**WHAT THE EXERCISE ASKS**
The reply should hold only the lines from the one with "Lana Del Rey Wallpaper" to the one with "Hope Ranch 3rd quarter sales", both ends kept, exactly as they appear below, without any pictures.

**ENTRIES PROVIDED**
=== Begin Enclosure ===
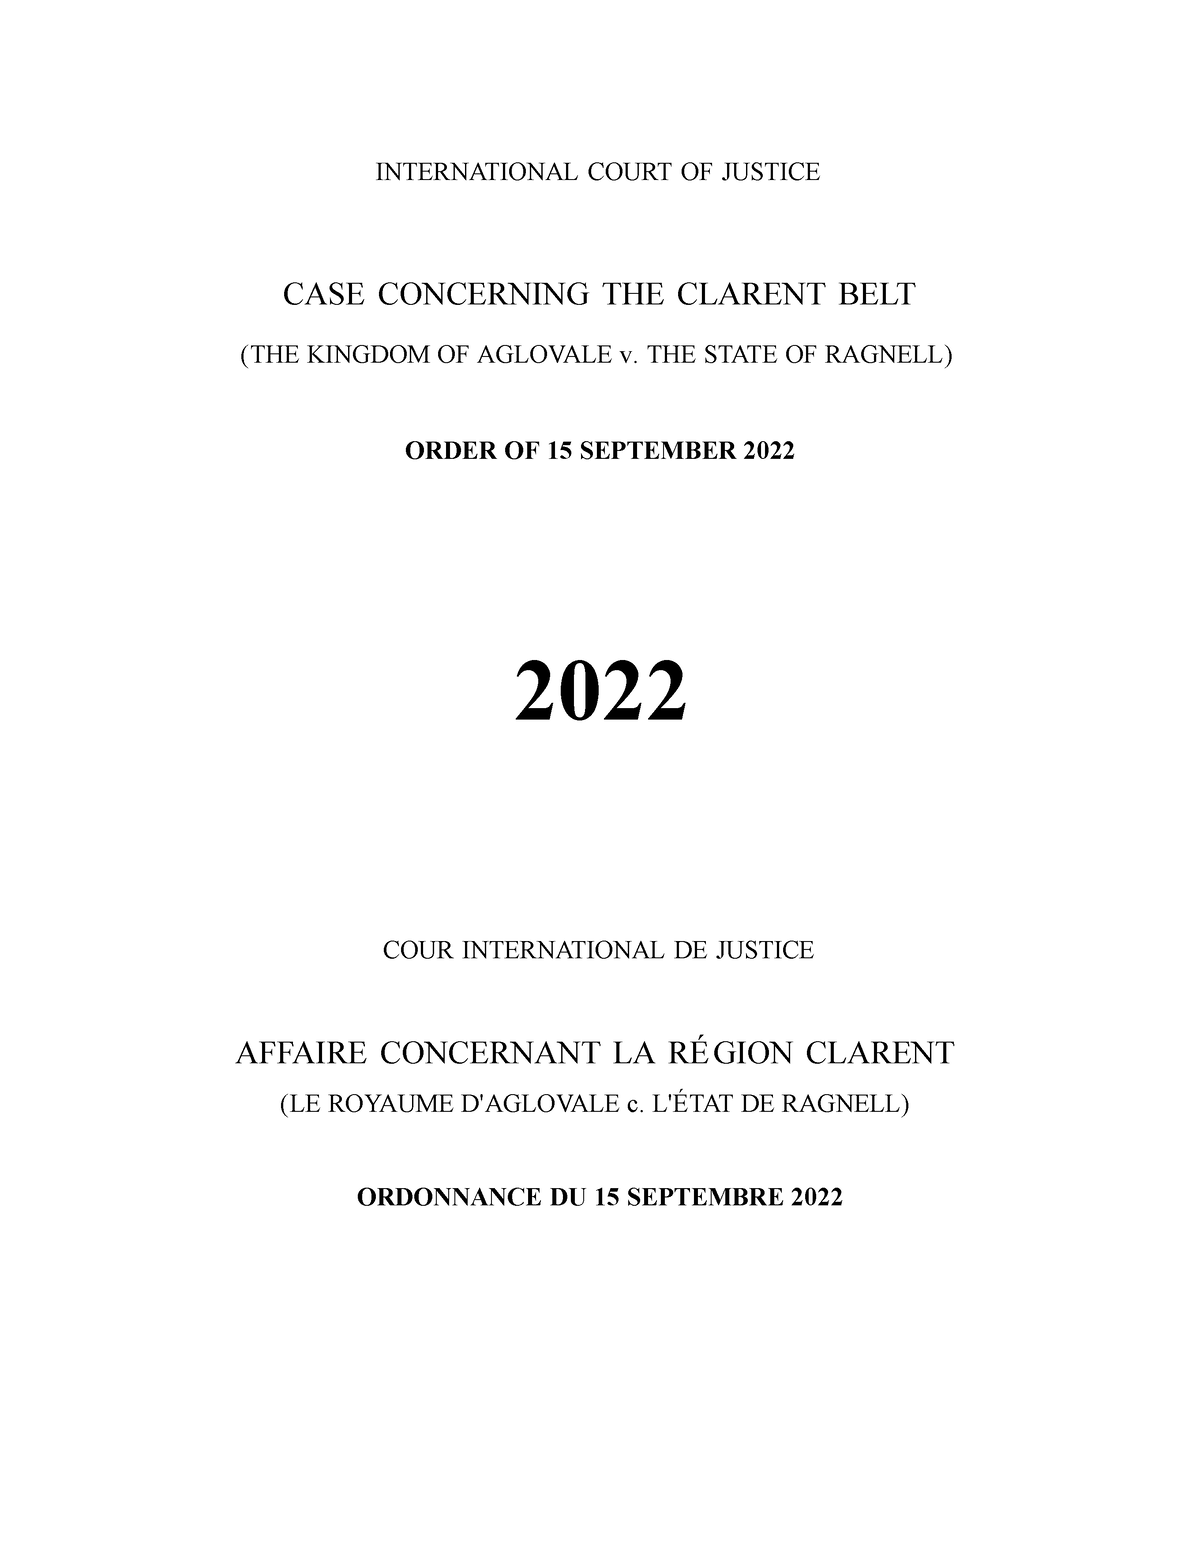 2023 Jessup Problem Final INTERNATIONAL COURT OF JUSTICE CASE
=== End Enclosure ===
=== Begin Enclosure ===
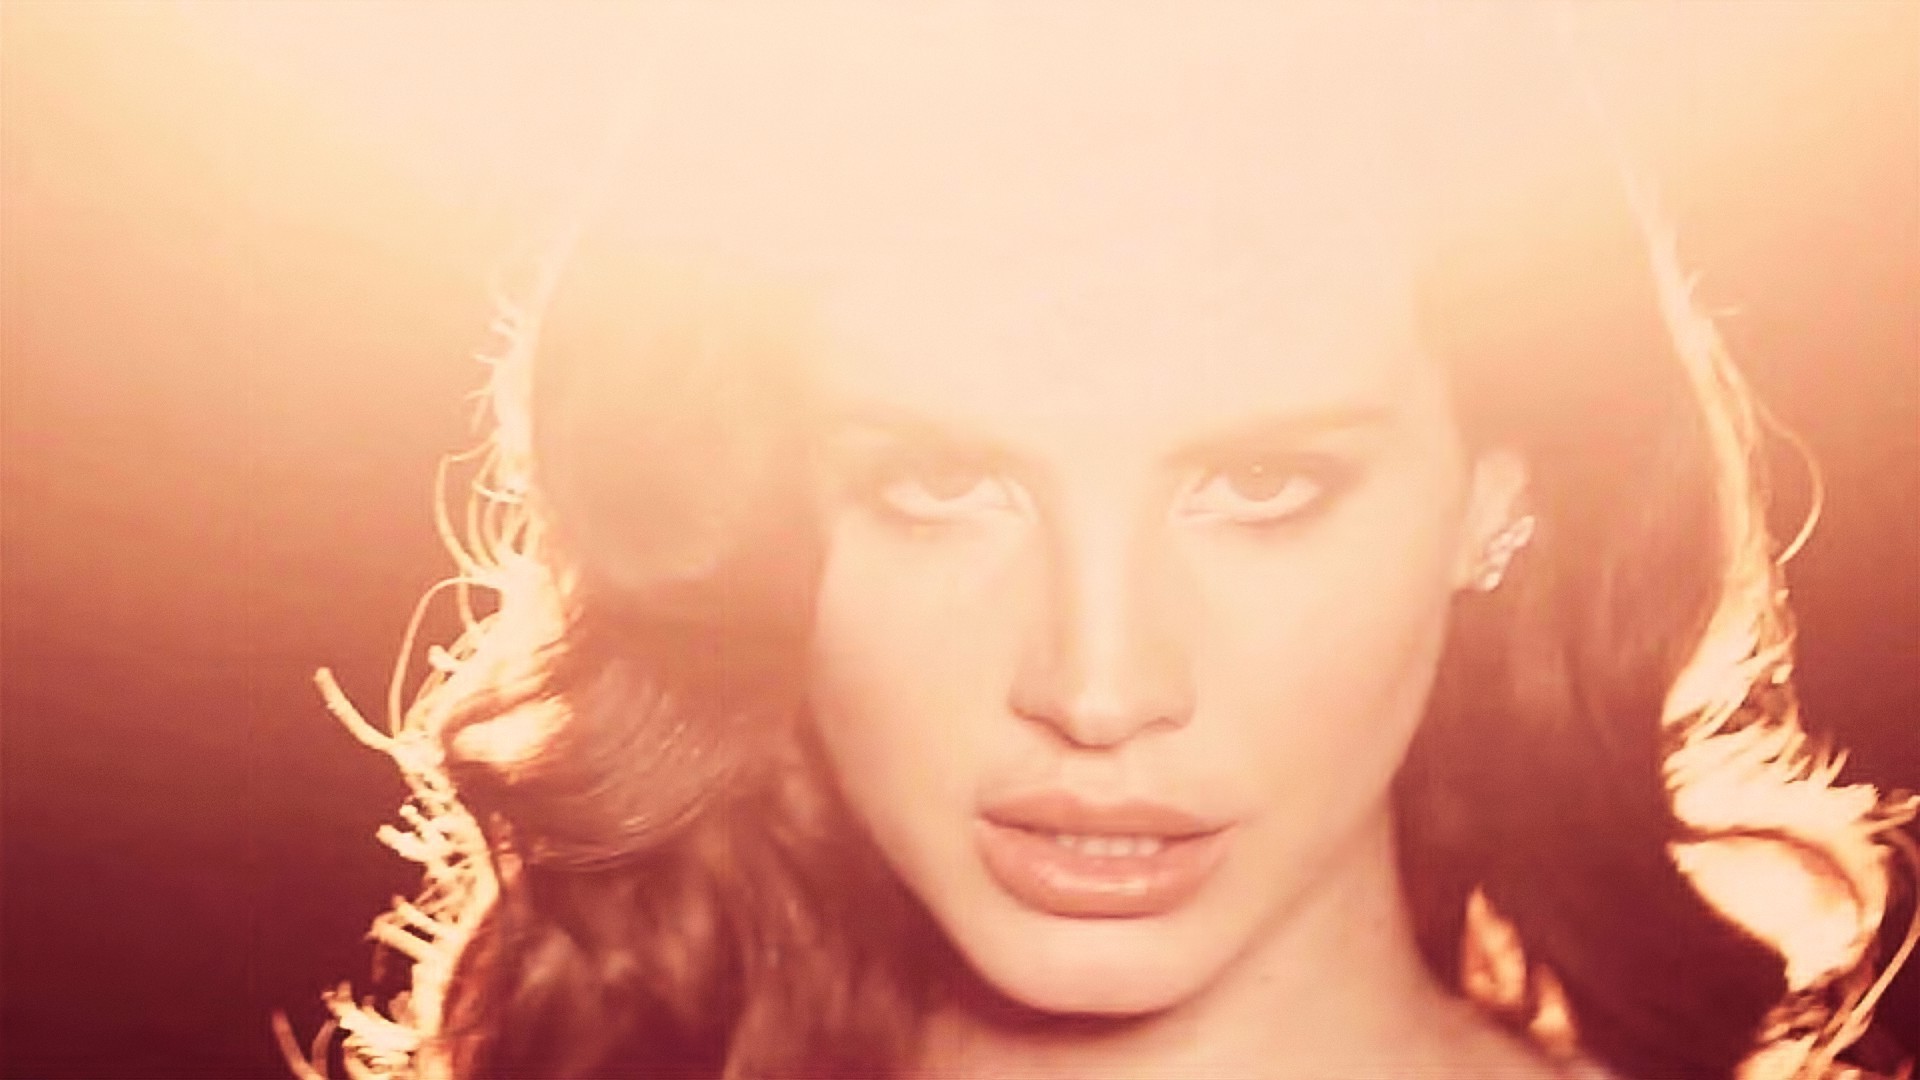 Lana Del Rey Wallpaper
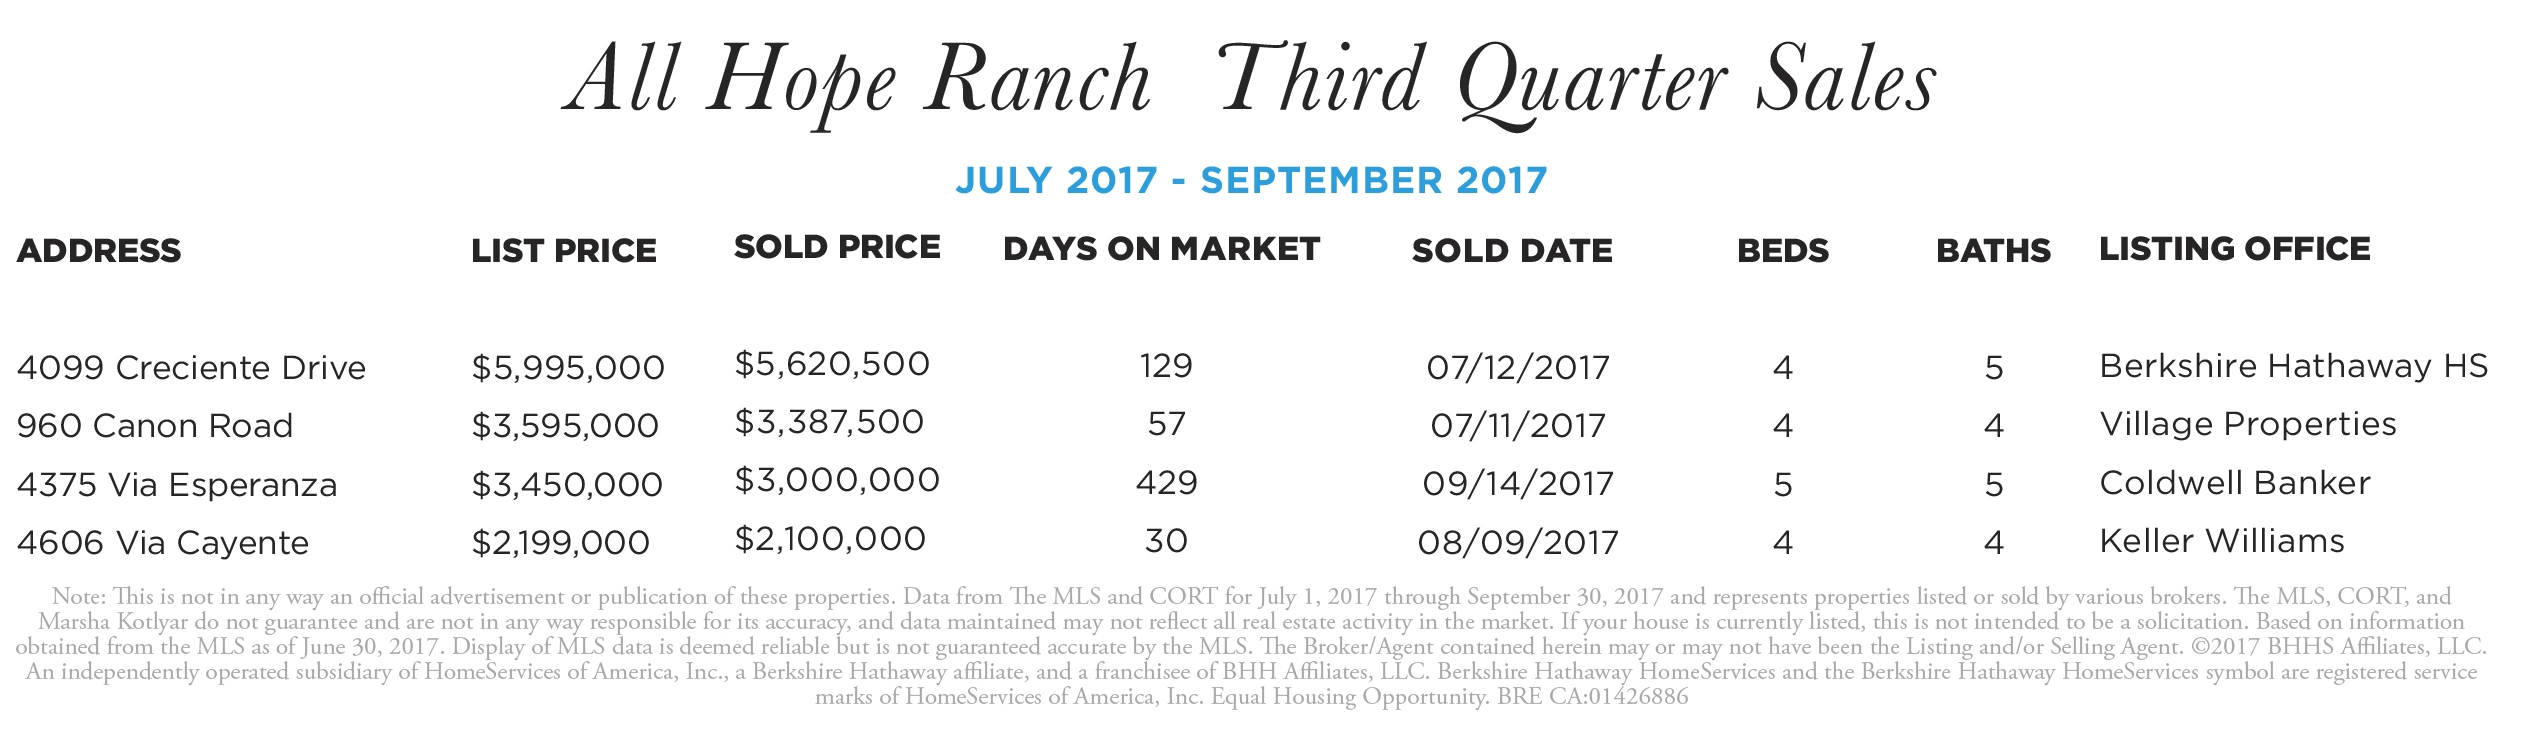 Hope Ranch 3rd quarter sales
=== End Enclosure ===
=== Begin Enclosure ===
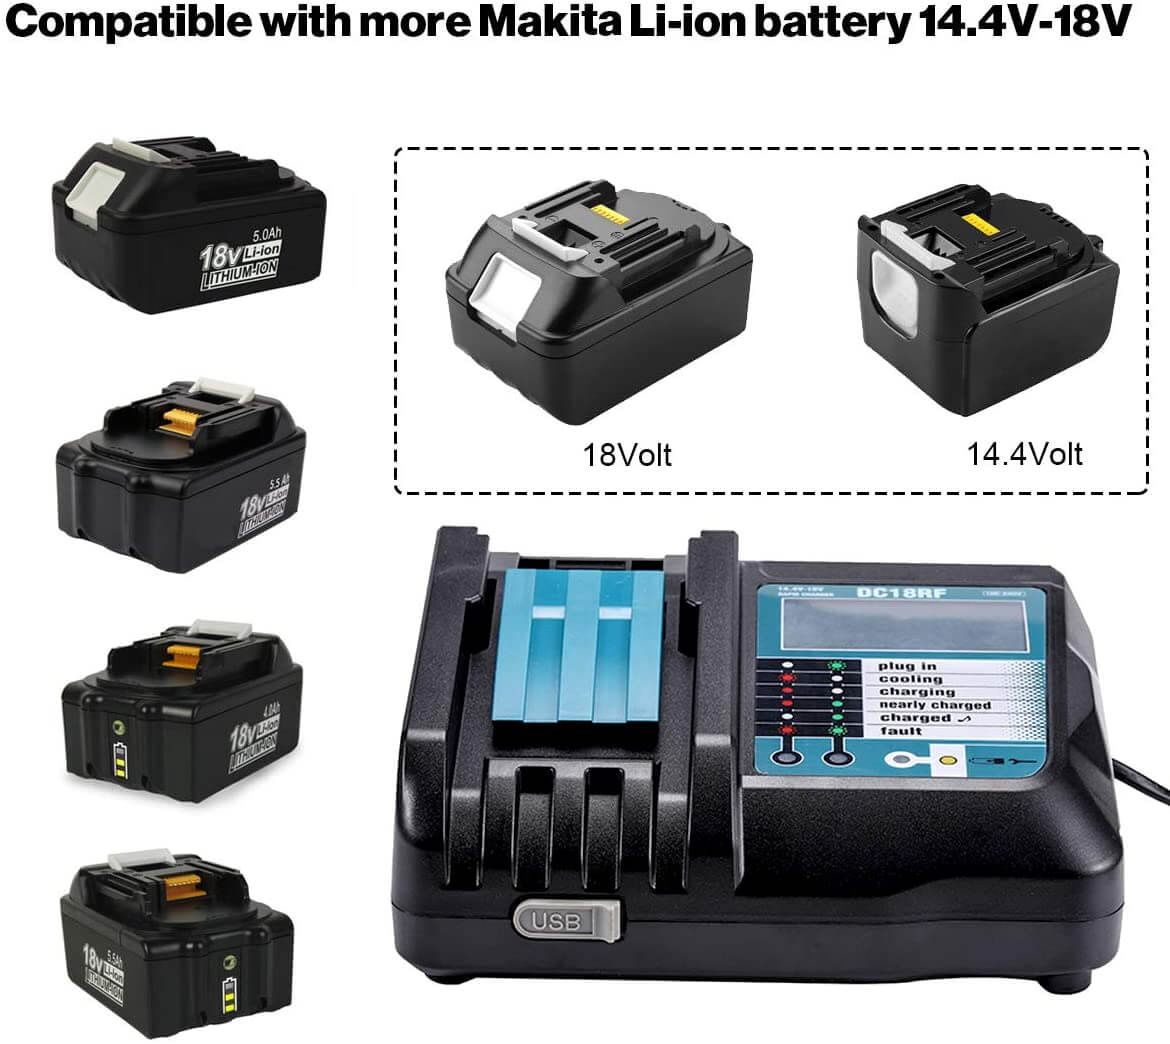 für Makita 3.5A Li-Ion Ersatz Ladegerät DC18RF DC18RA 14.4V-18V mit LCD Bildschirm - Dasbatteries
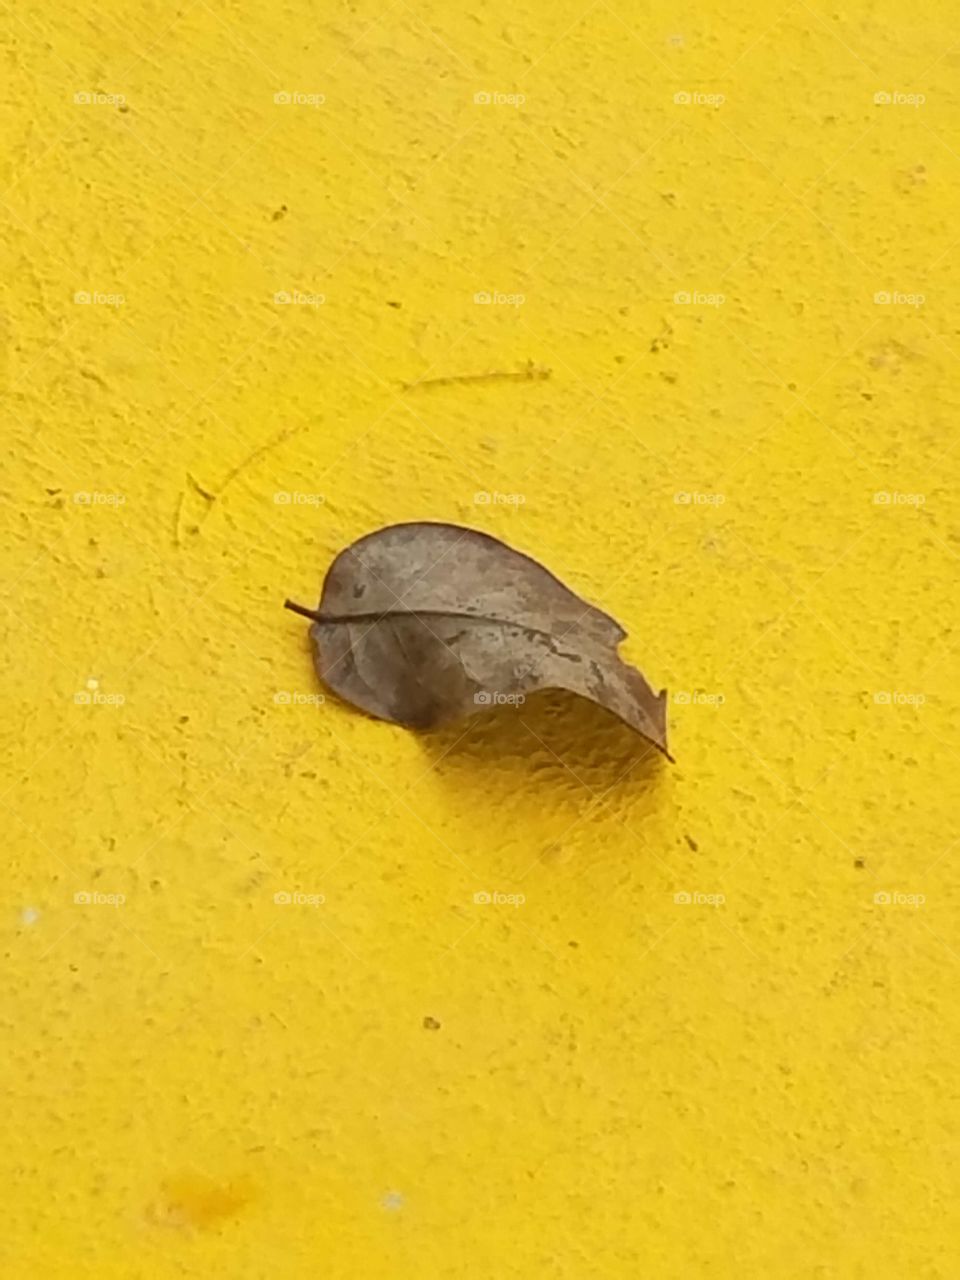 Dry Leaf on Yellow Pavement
=== End Enclosure ===
**SOLUTION FOR THIS TASK**
 Lana Del Rey Wallpaper
 Hope Ranch 3rd quarter sales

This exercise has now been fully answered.